On 16.12.2011 03:26, Levente Uzonyi wrote:
How about my numbers? :)
"Preallocate objects, so we won't count gc time."
n := 1000000.
objects := Array new: n streamContents: [ :stream |
n timesRepeat: [ stream nextPut: Object new ] ].
set := IdentitySet new: n.
Smalltalk garbageCollect.
[1 to: n do: [ :i | set add: (objects at: i) ] ] timeToRun. "4949"
set := LargeIdentitySet new.
Smalltalk garbageCollect.
[1 to: n do: [ :i | set add: (objects at: i) ] ] timeToRun. "331"
set := (PluggableSet new: n)
hashBlock: [ :object | object identityHash * 4096 + object class
identityHash * 64 ]; "Change this to #basicIdentityHash in Pharo"
equalBlock: [ :a :b | a == b ];
yourself.
Smalltalk garbageCollect.
[1 to: n do: [ :i | set add: (objects at: i) ] ] timeToRun. "5511"
I also have a LargeIdentityDictionary, which is relatively fast, but
not as fast as LargeIdentitySet, because (for some unknown reason) we
don't have a primitive that could support it.

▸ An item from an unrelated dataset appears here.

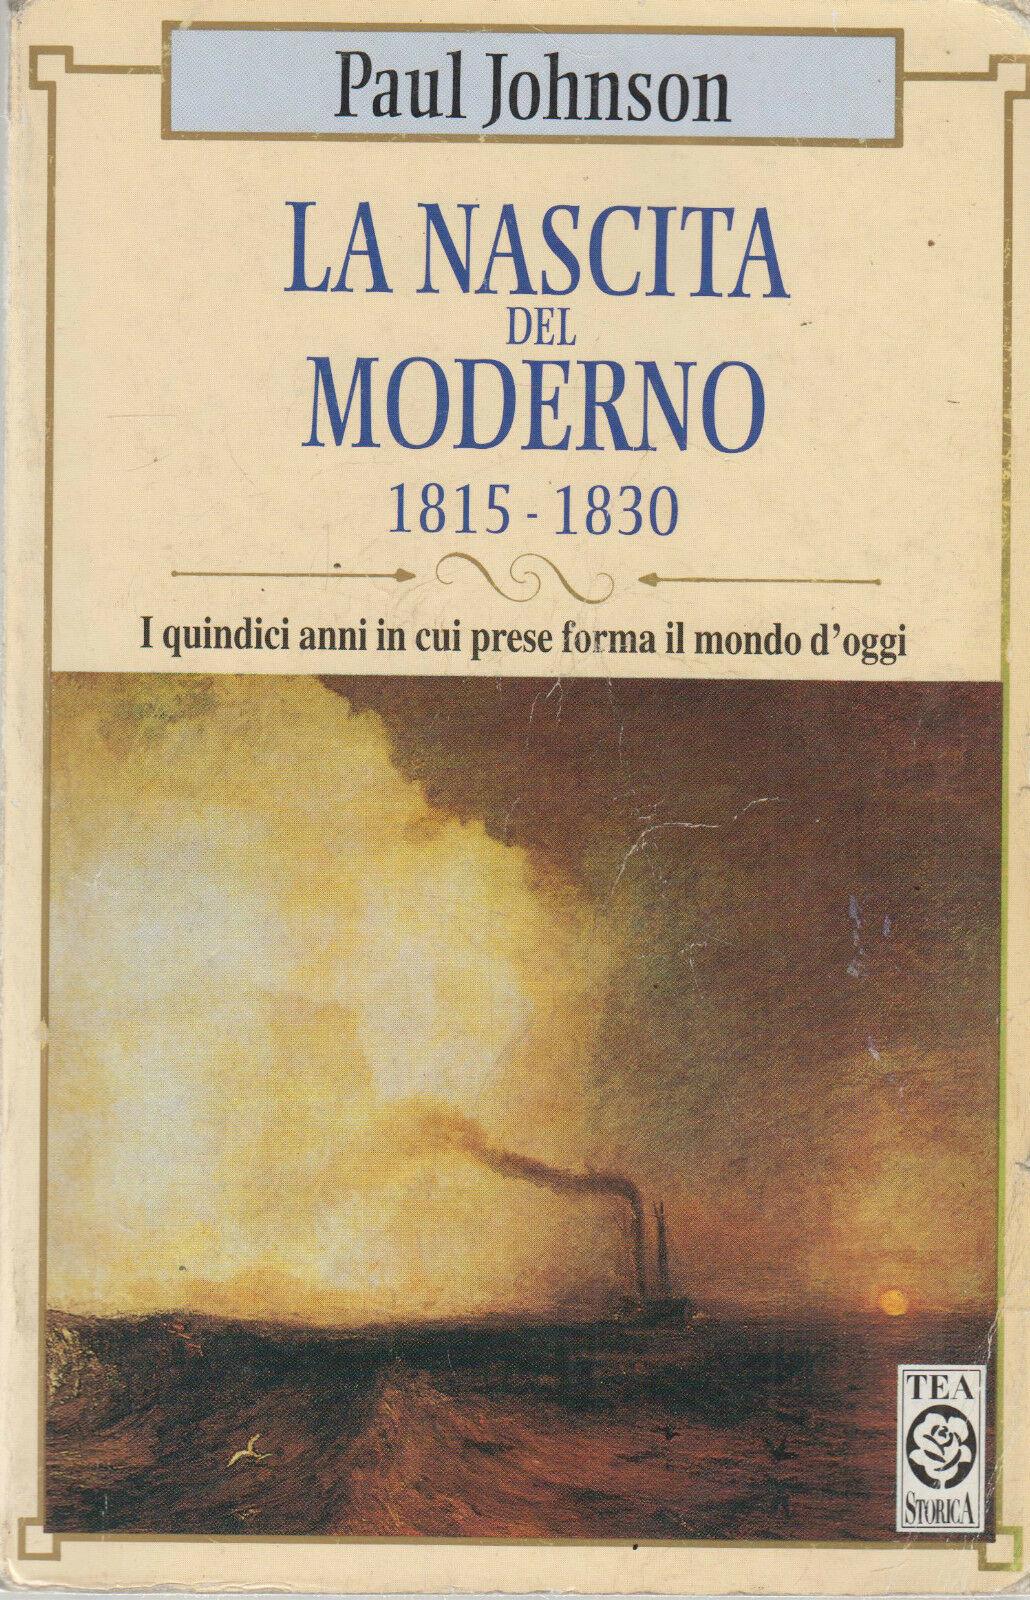 La nascita del moderno (1815-1830)

If we had a primitive
like primitive 132 which would return the index of the element if
found or 0 if not, then we could have a really fast
LargeIdentityDictionary.
Levente
Hehe yes, if writing a version fully exploiting the limited range,
that's probably the approach I would go for as well.
(IAssuming it's the version at
http://leves.web.elte.hu/squeak/LargeIdentitySet.st)
Mariano commented in the version at
http://www.squeaksource.com/FuelExperiments that it's slow for them,
which I guess is due to not adopting #identityHash calls to
#basicIdentityHash calls for Pharo:
((0 to: 4095) collect: [:each | each << 22 \\ 4096 ]) asSet size -> 1
So it basically uses 1 bucket instead of 4096... Whoops. :)
Uploaded a new version to the MC repository which is adapted for Pharo,
on the same machine my numbers were taken from, it does the same test as
I used above in 871 ms. (181 with preallocation).
Cheers,
Henry